= Required action =
Within the listing that follows, reproduce exactly the lines starting at the line with "Gold enamel pin" and ending at the line with "How Peter Parker", inclusive, and only those. Pictures are dropped.

──────── Exercise materials

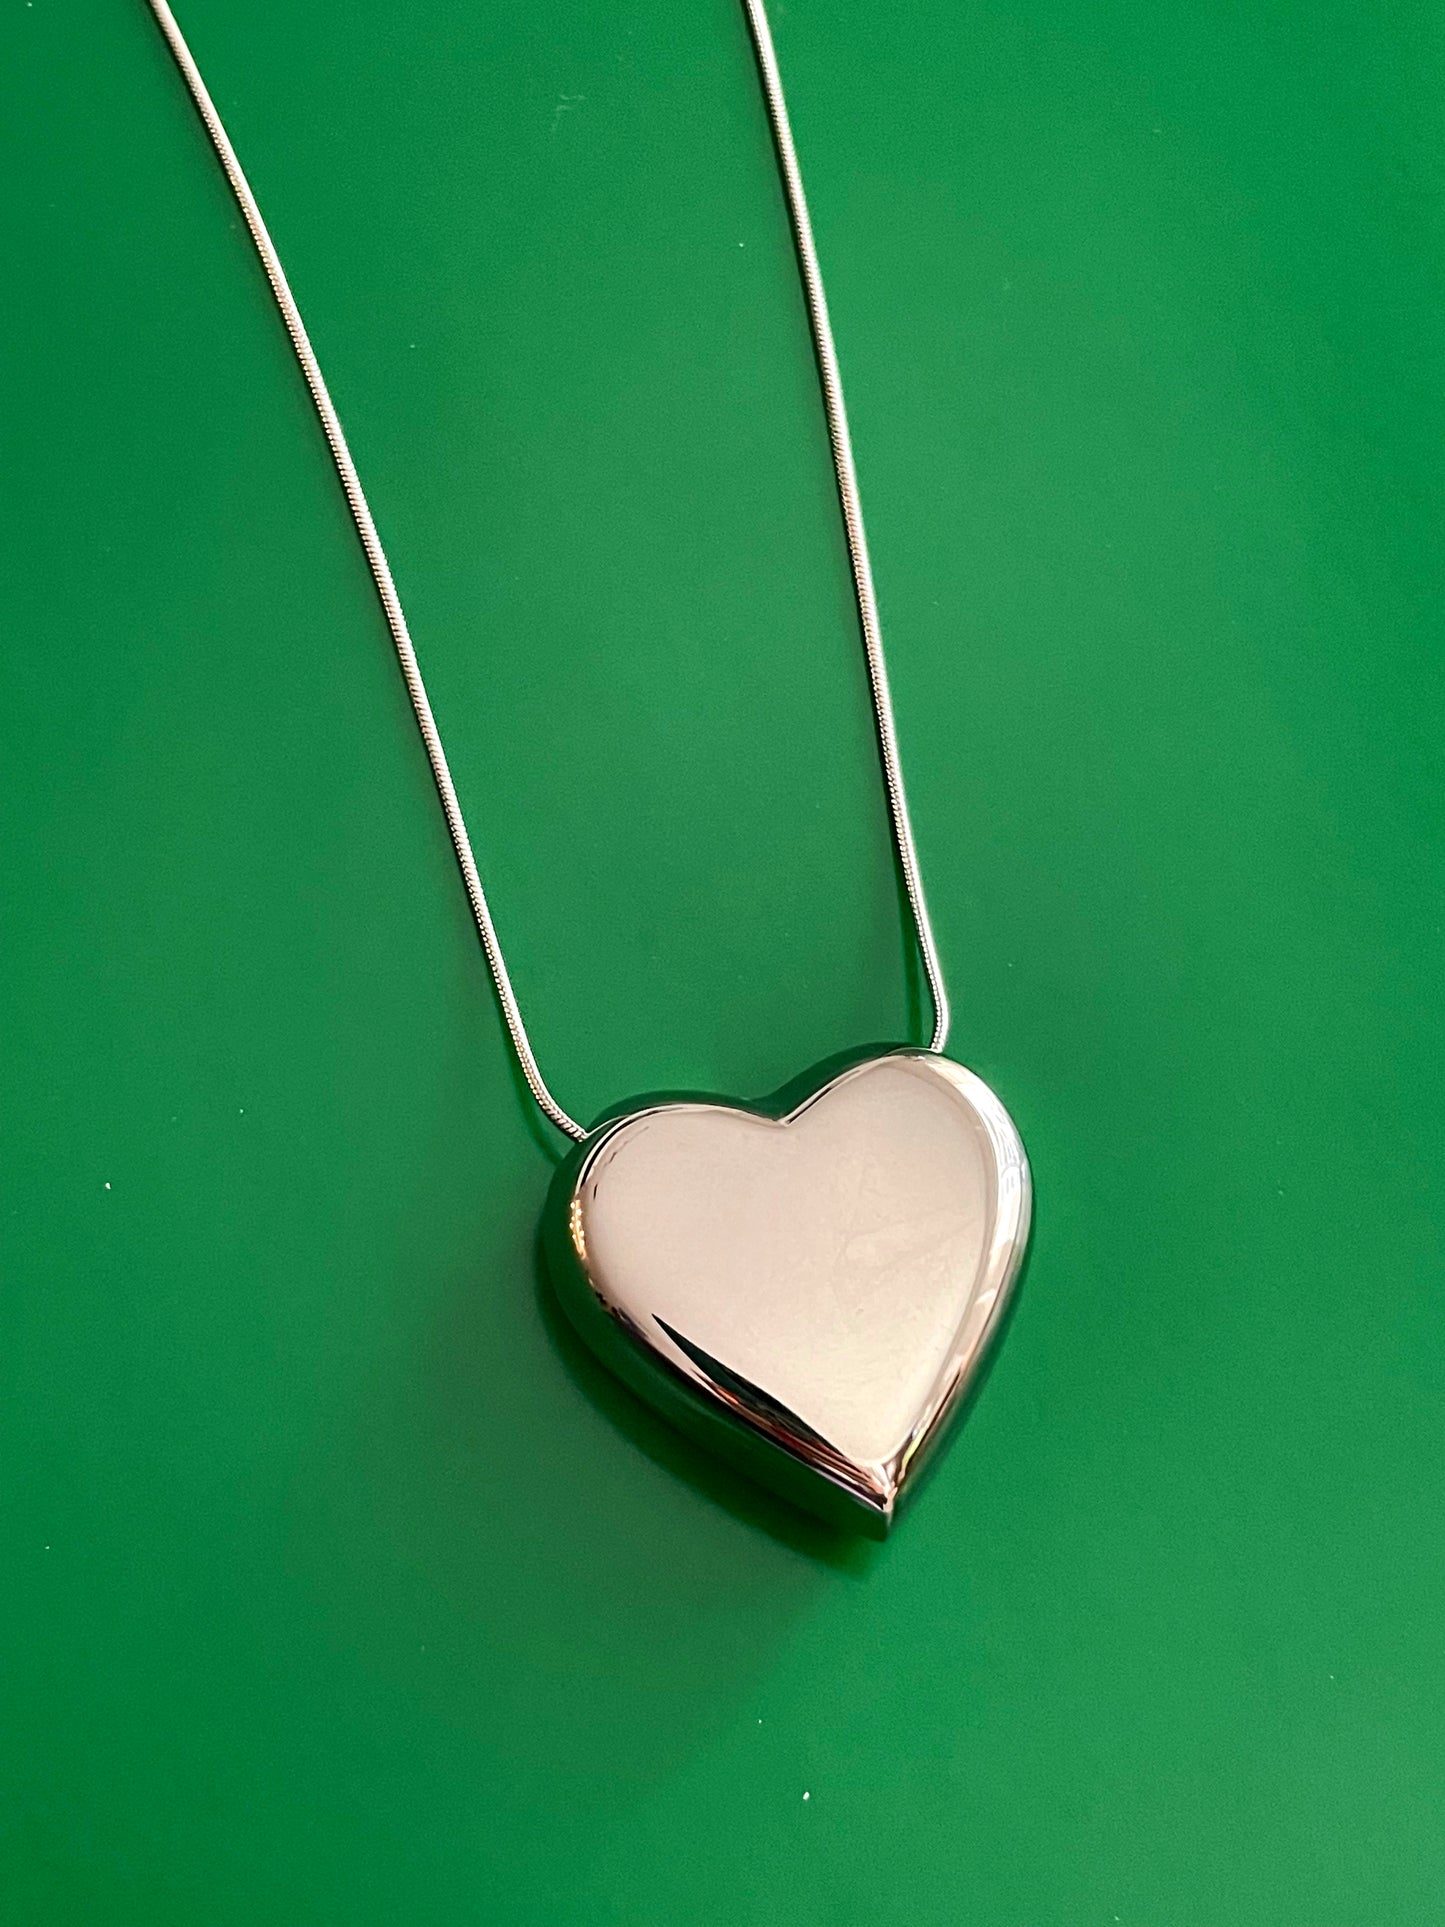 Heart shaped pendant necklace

────────────────
──────── Exercise materials

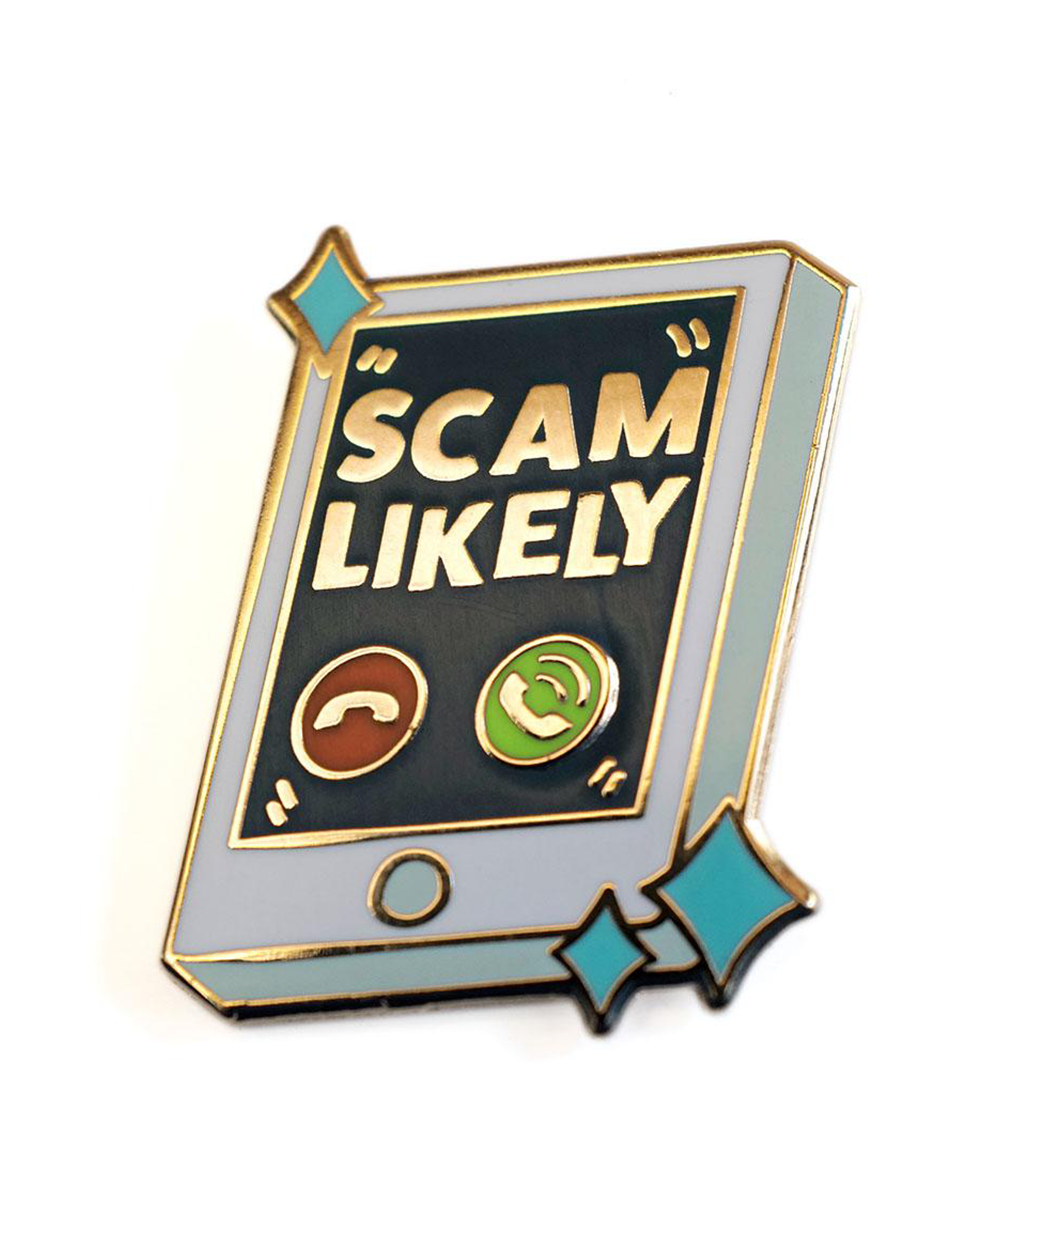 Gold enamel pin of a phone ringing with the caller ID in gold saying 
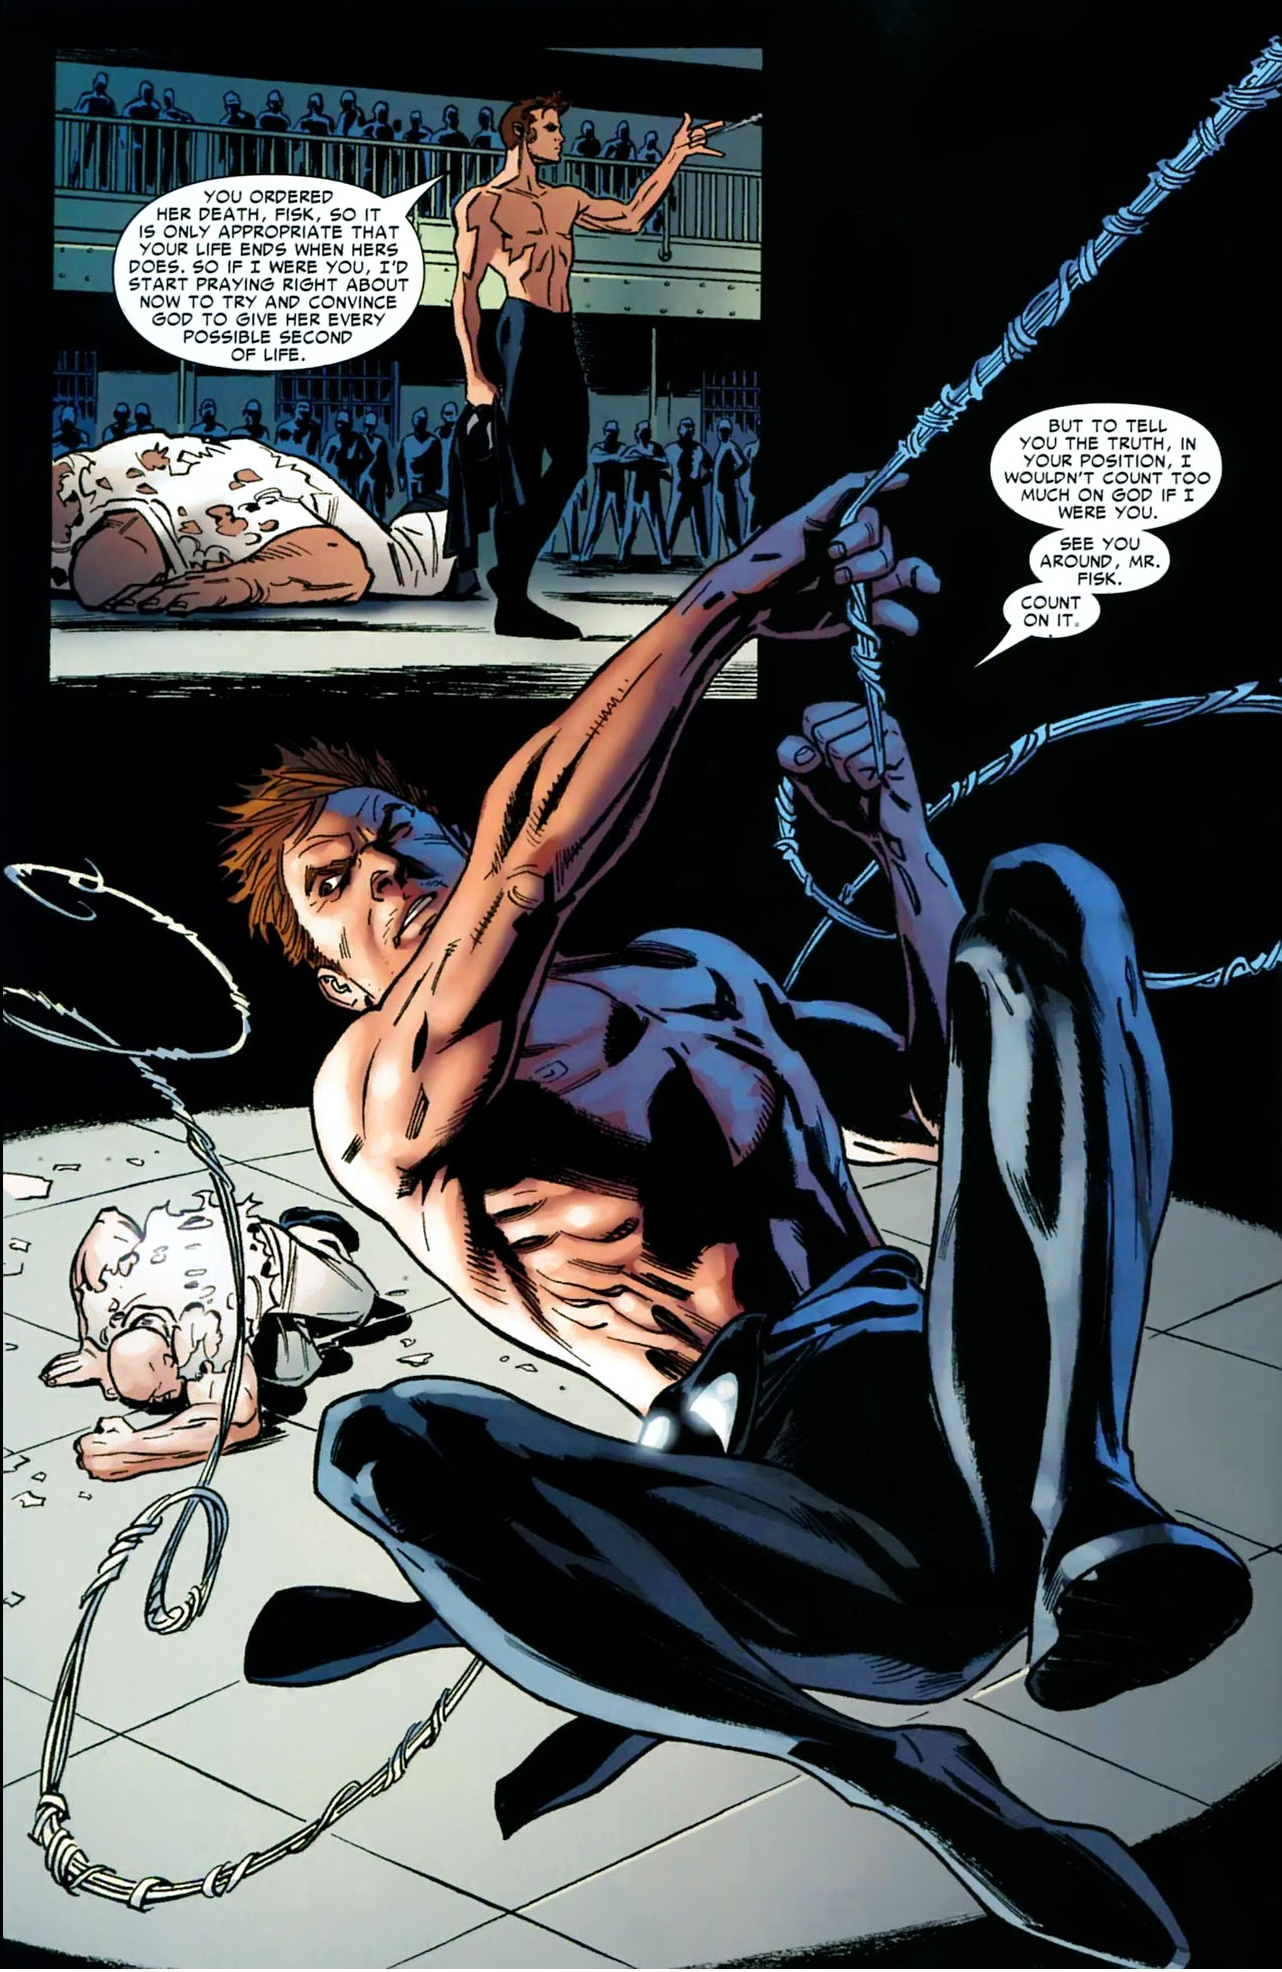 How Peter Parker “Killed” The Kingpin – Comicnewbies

────────────────

= Written response =
 Gold enamel pin of a phone ringing with the caller ID in gold saying 
 How Peter Parker “Killed” The Kingpin – Comicnewbies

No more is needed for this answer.